- _TASK TO CARRY OUT_: An exact reproduction of the listing is wanted, with the pictures dropped.

- _STORED DATA_:

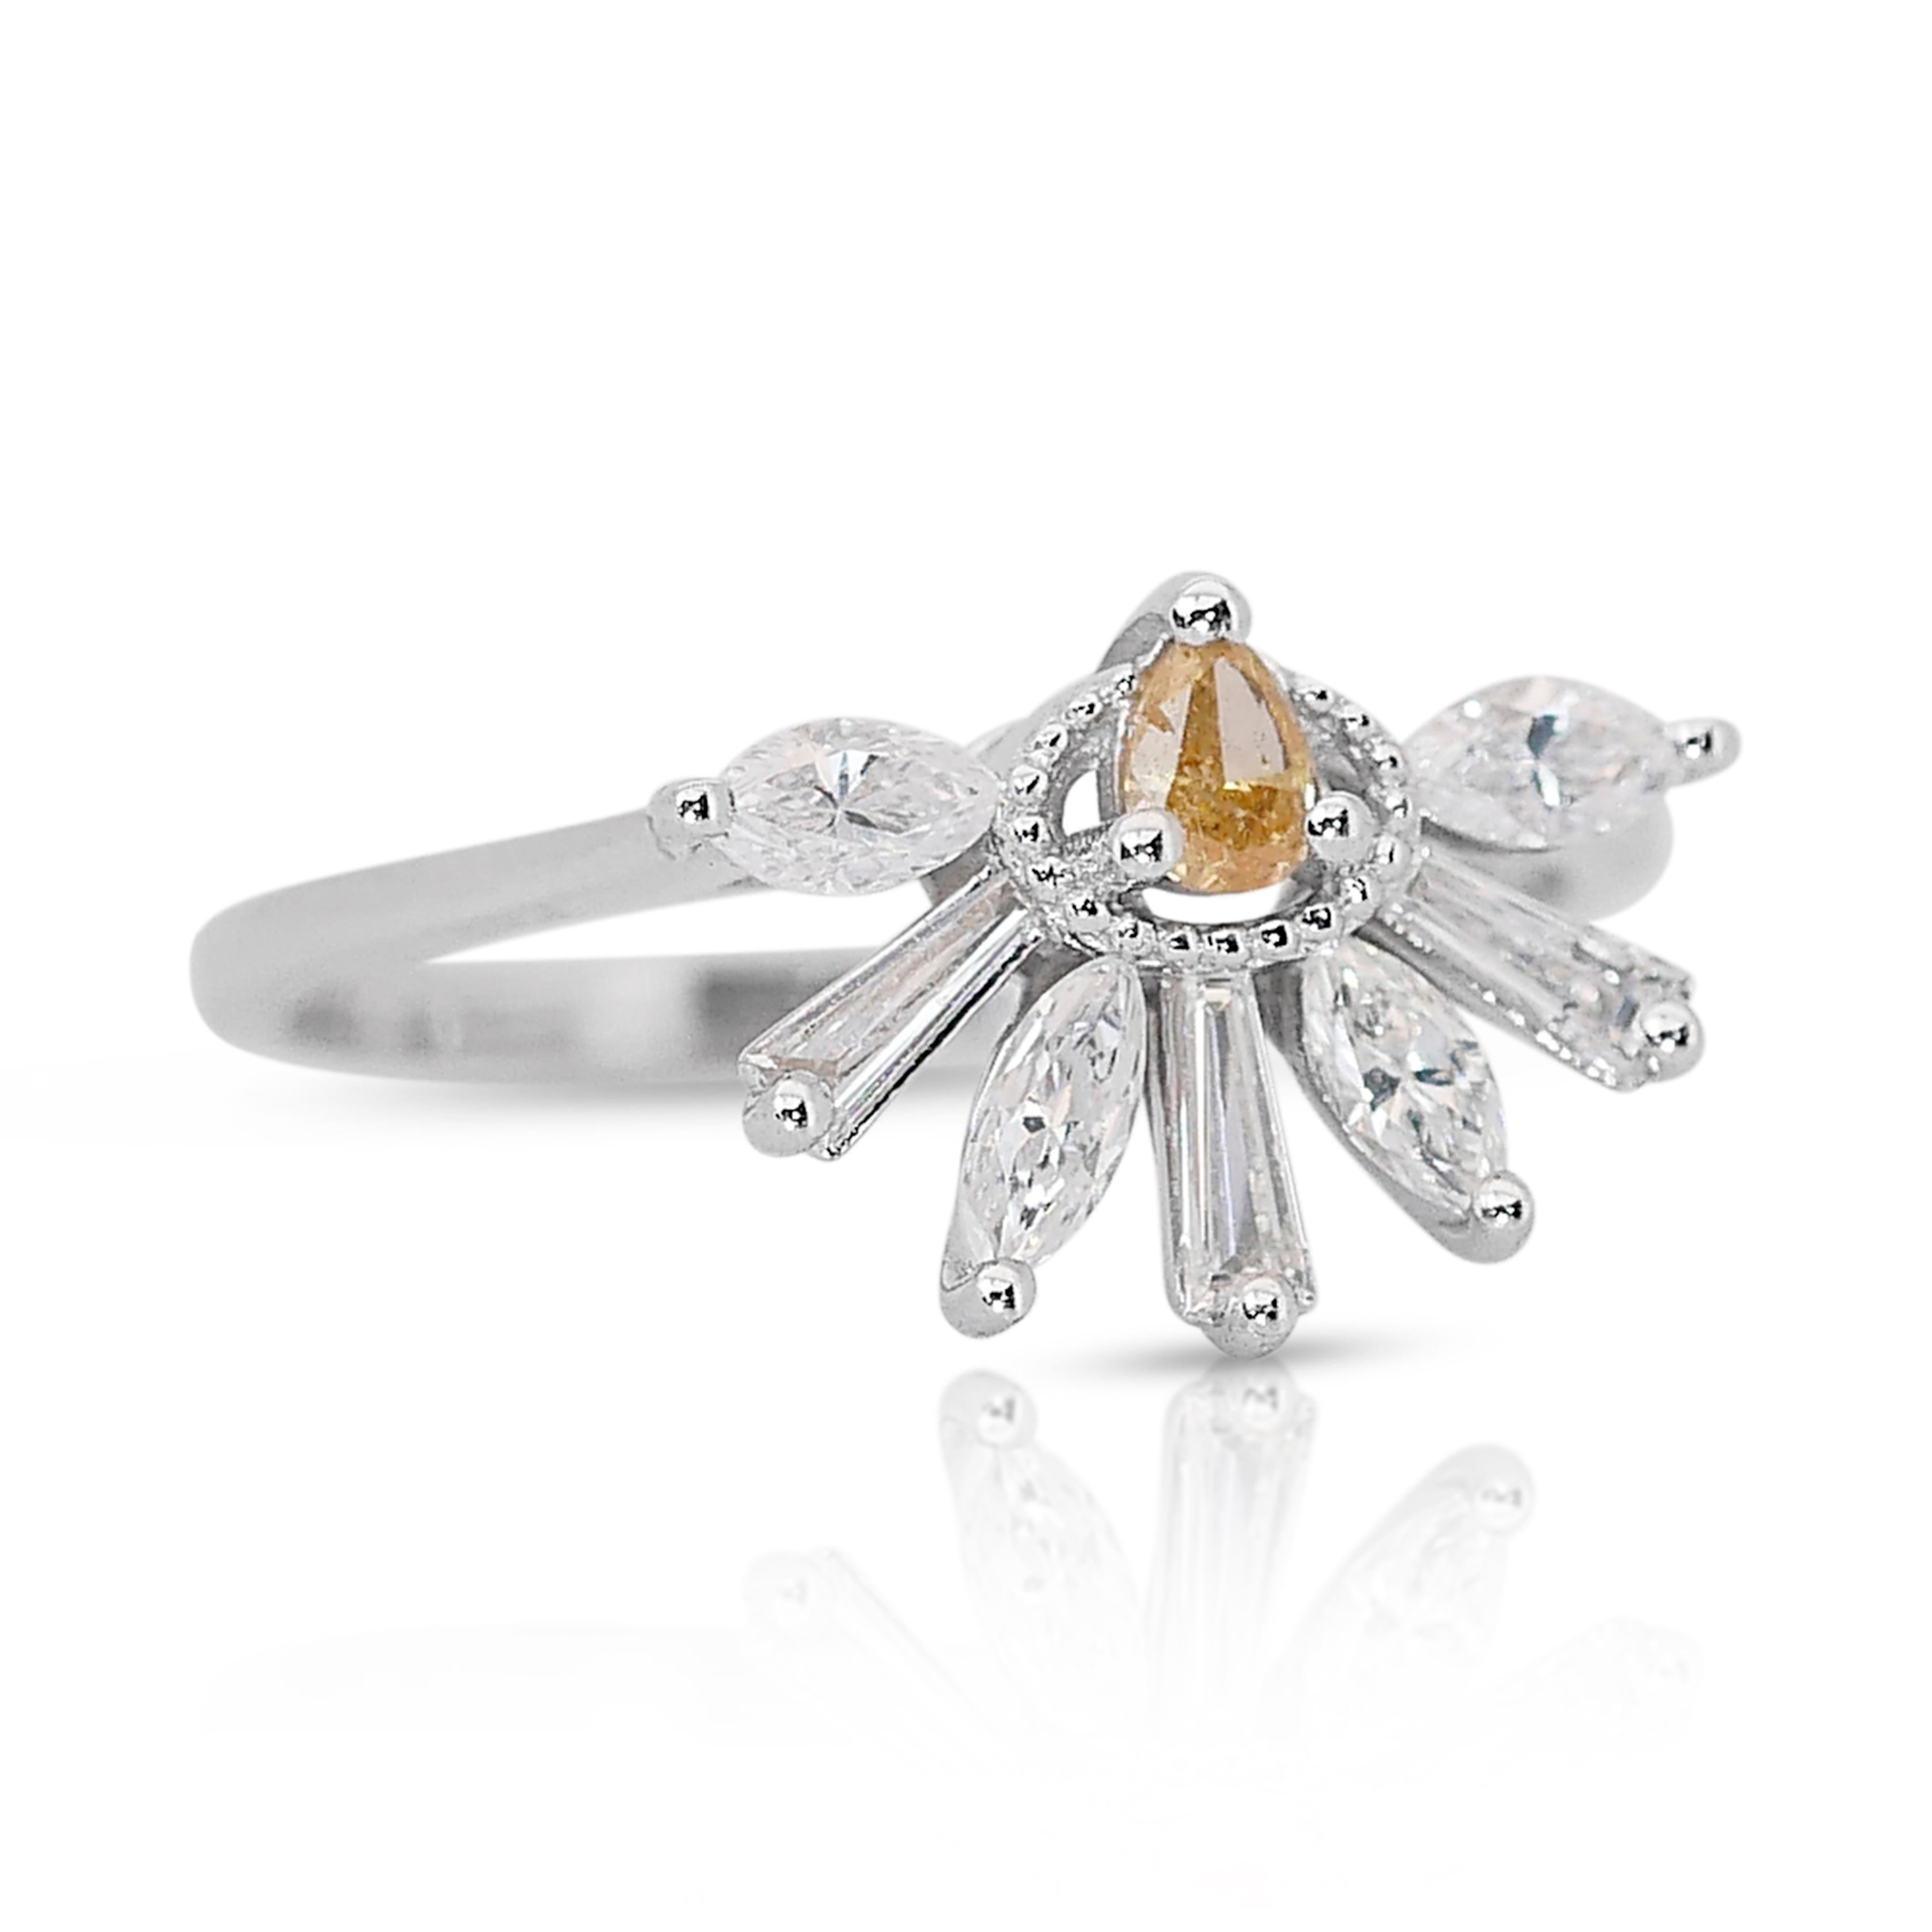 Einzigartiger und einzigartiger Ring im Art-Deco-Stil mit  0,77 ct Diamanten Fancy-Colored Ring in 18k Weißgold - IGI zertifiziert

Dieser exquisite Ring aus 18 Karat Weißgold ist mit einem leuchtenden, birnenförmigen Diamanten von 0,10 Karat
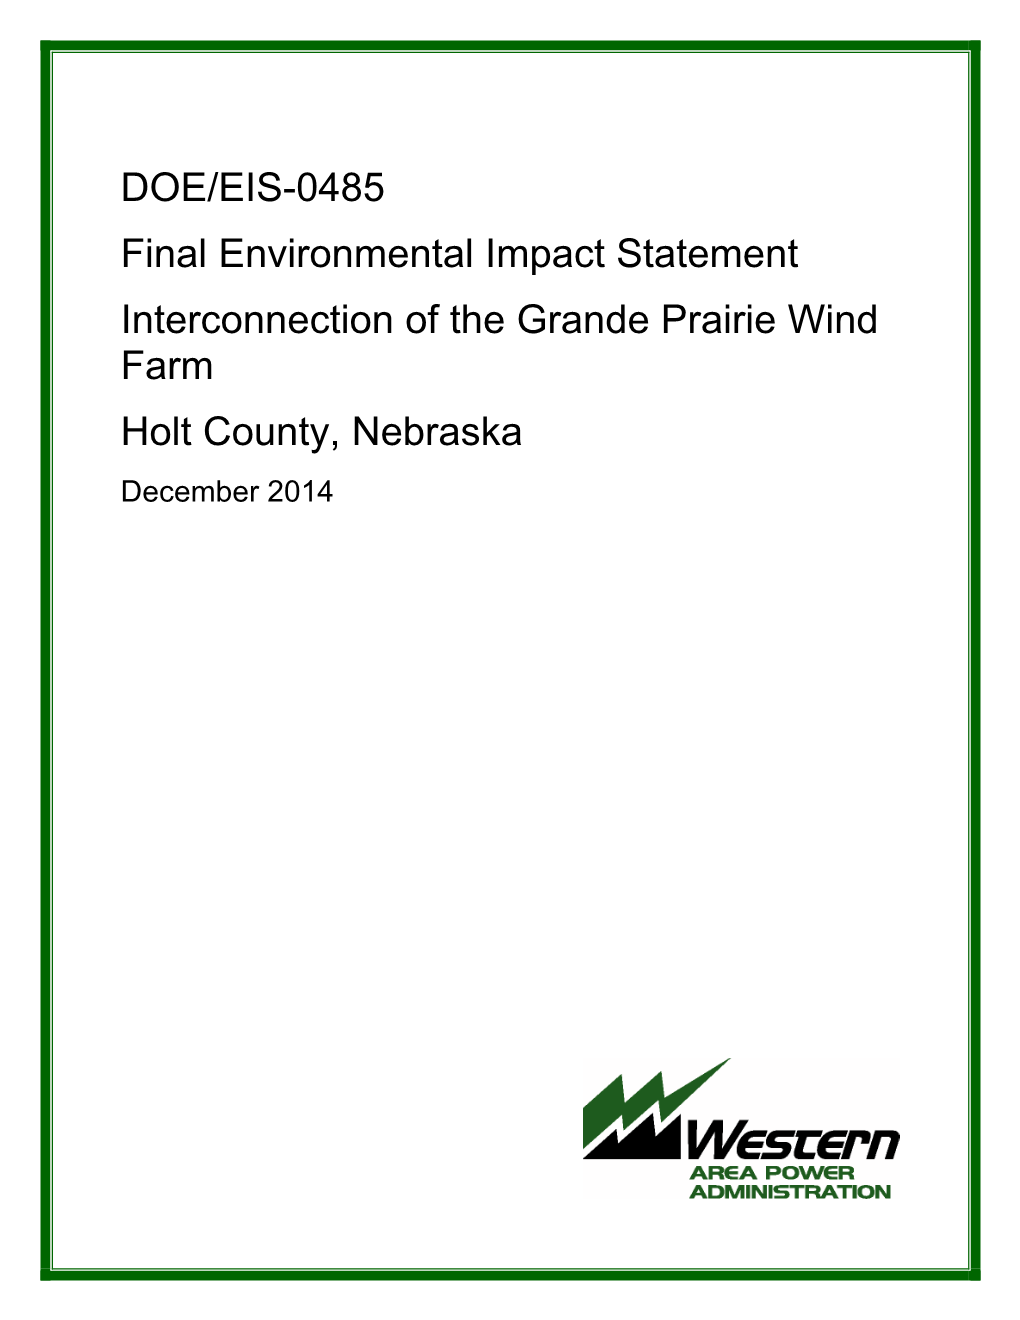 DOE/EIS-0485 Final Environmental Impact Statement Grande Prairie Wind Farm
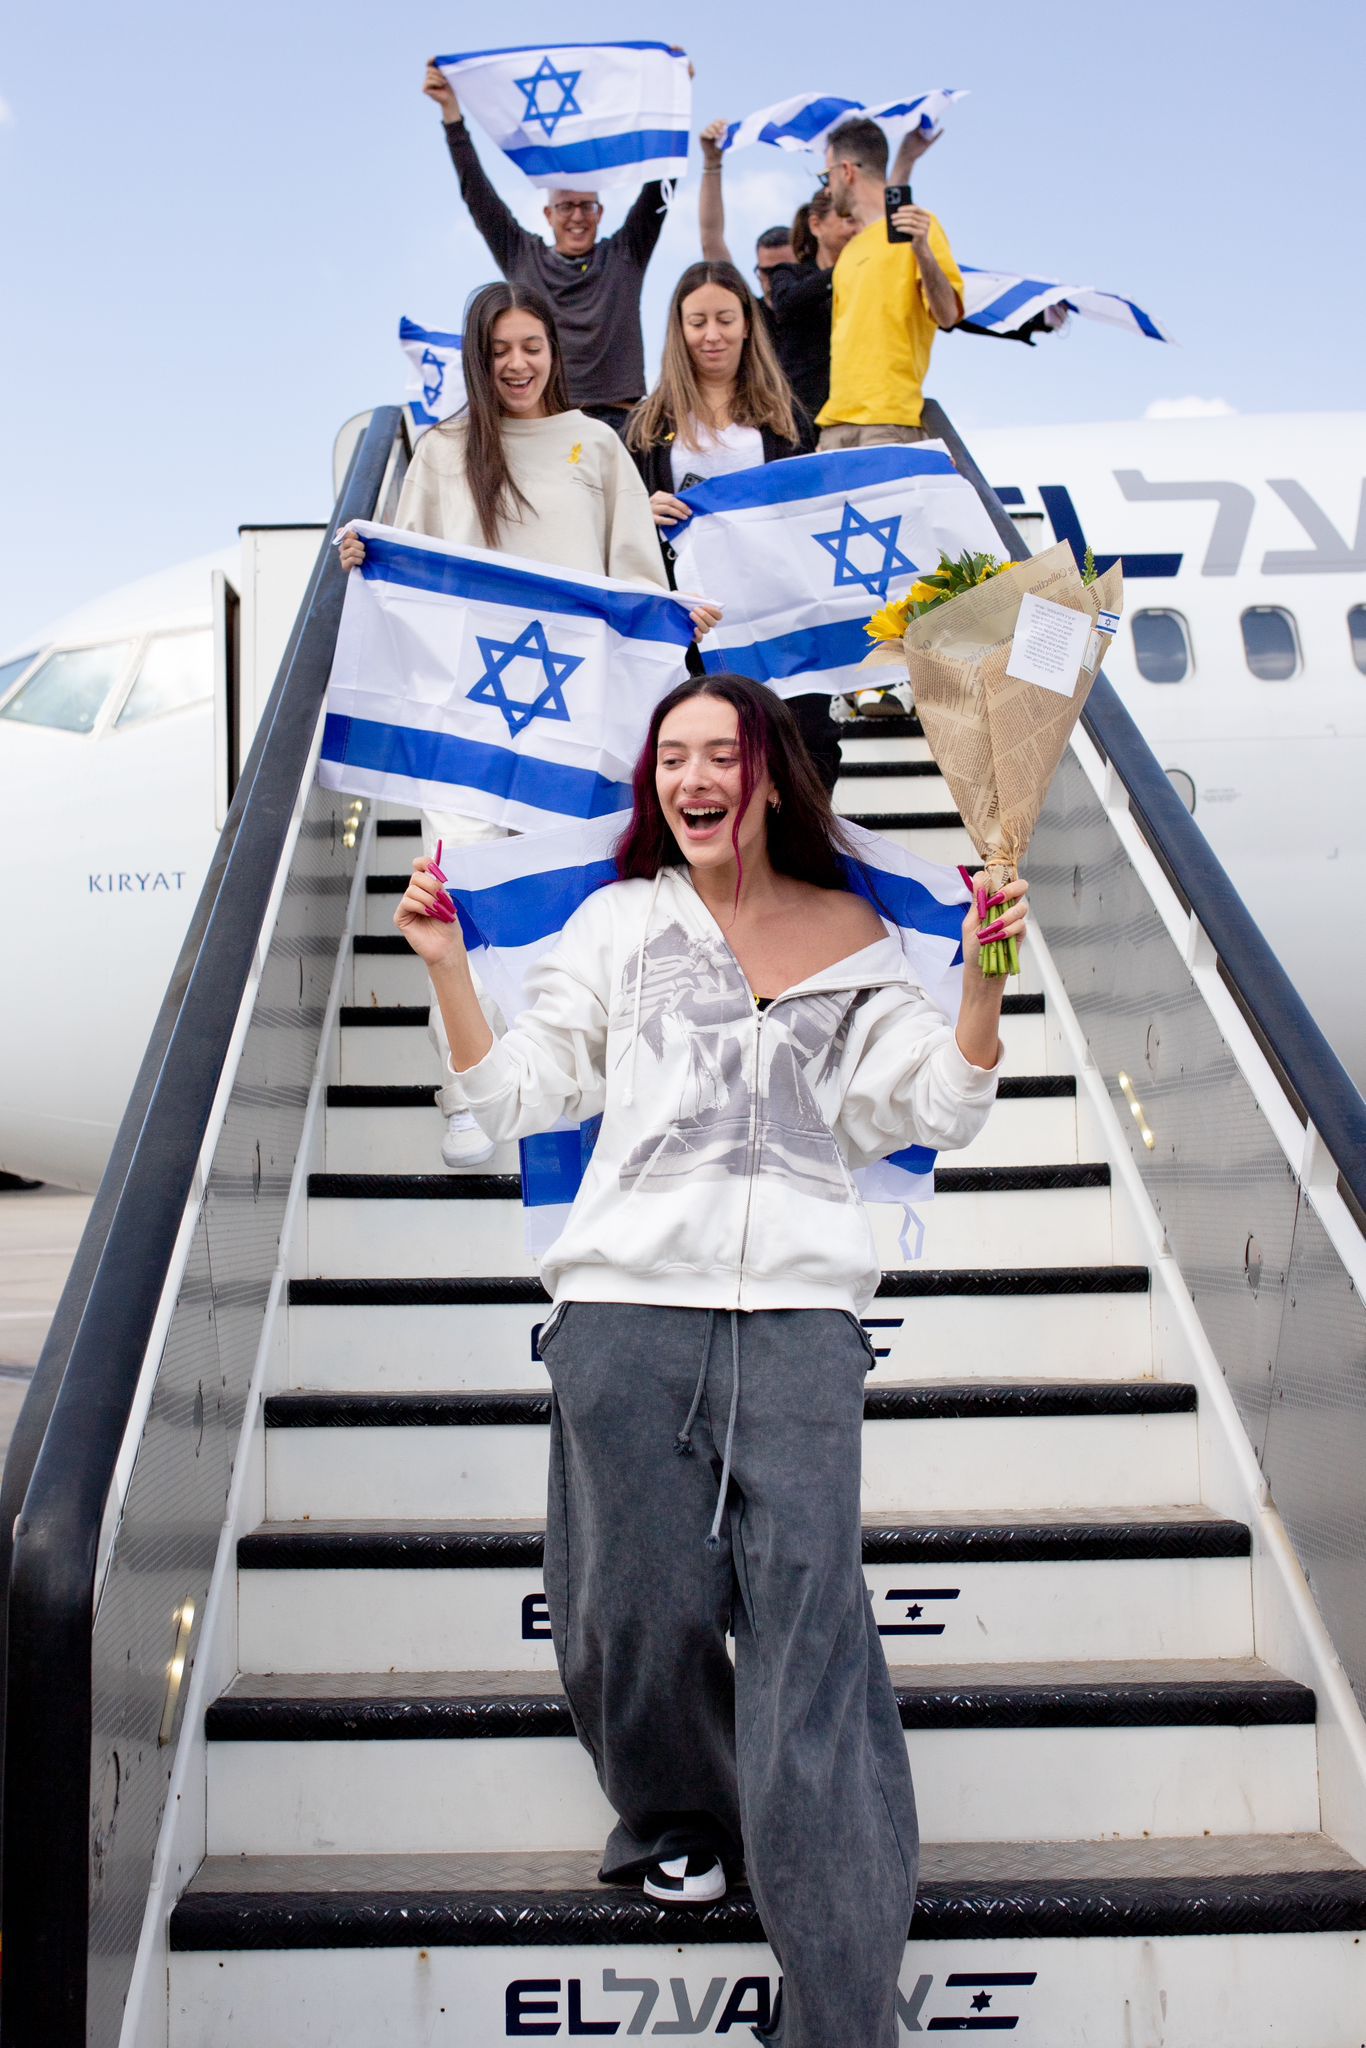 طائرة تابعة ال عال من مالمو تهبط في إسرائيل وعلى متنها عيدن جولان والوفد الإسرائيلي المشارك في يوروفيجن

- _WRITTEN RESPONSE_:
 Einzigartiger und einzigartiger Ring im Art-Deco-Stil mit  0,77 ct Diamanten Fancy-Colored Ring in 18k Weißgold - IGI zertifiziert

Dieser exquisite Ring aus 18 Karat Weißgold ist mit einem leuchtenden, birnenförmigen Diamanten von 0,10 Karat
 DOE/EIS-0485 Final Environmental Impact Statement Grande Prairie Wind Farm
 طائرة تابعة ال عال من مالمو تهبط في إسرائيل وعلى متنها عيدن جولان والوفد الإسرائيلي المشارك في يوروفيجن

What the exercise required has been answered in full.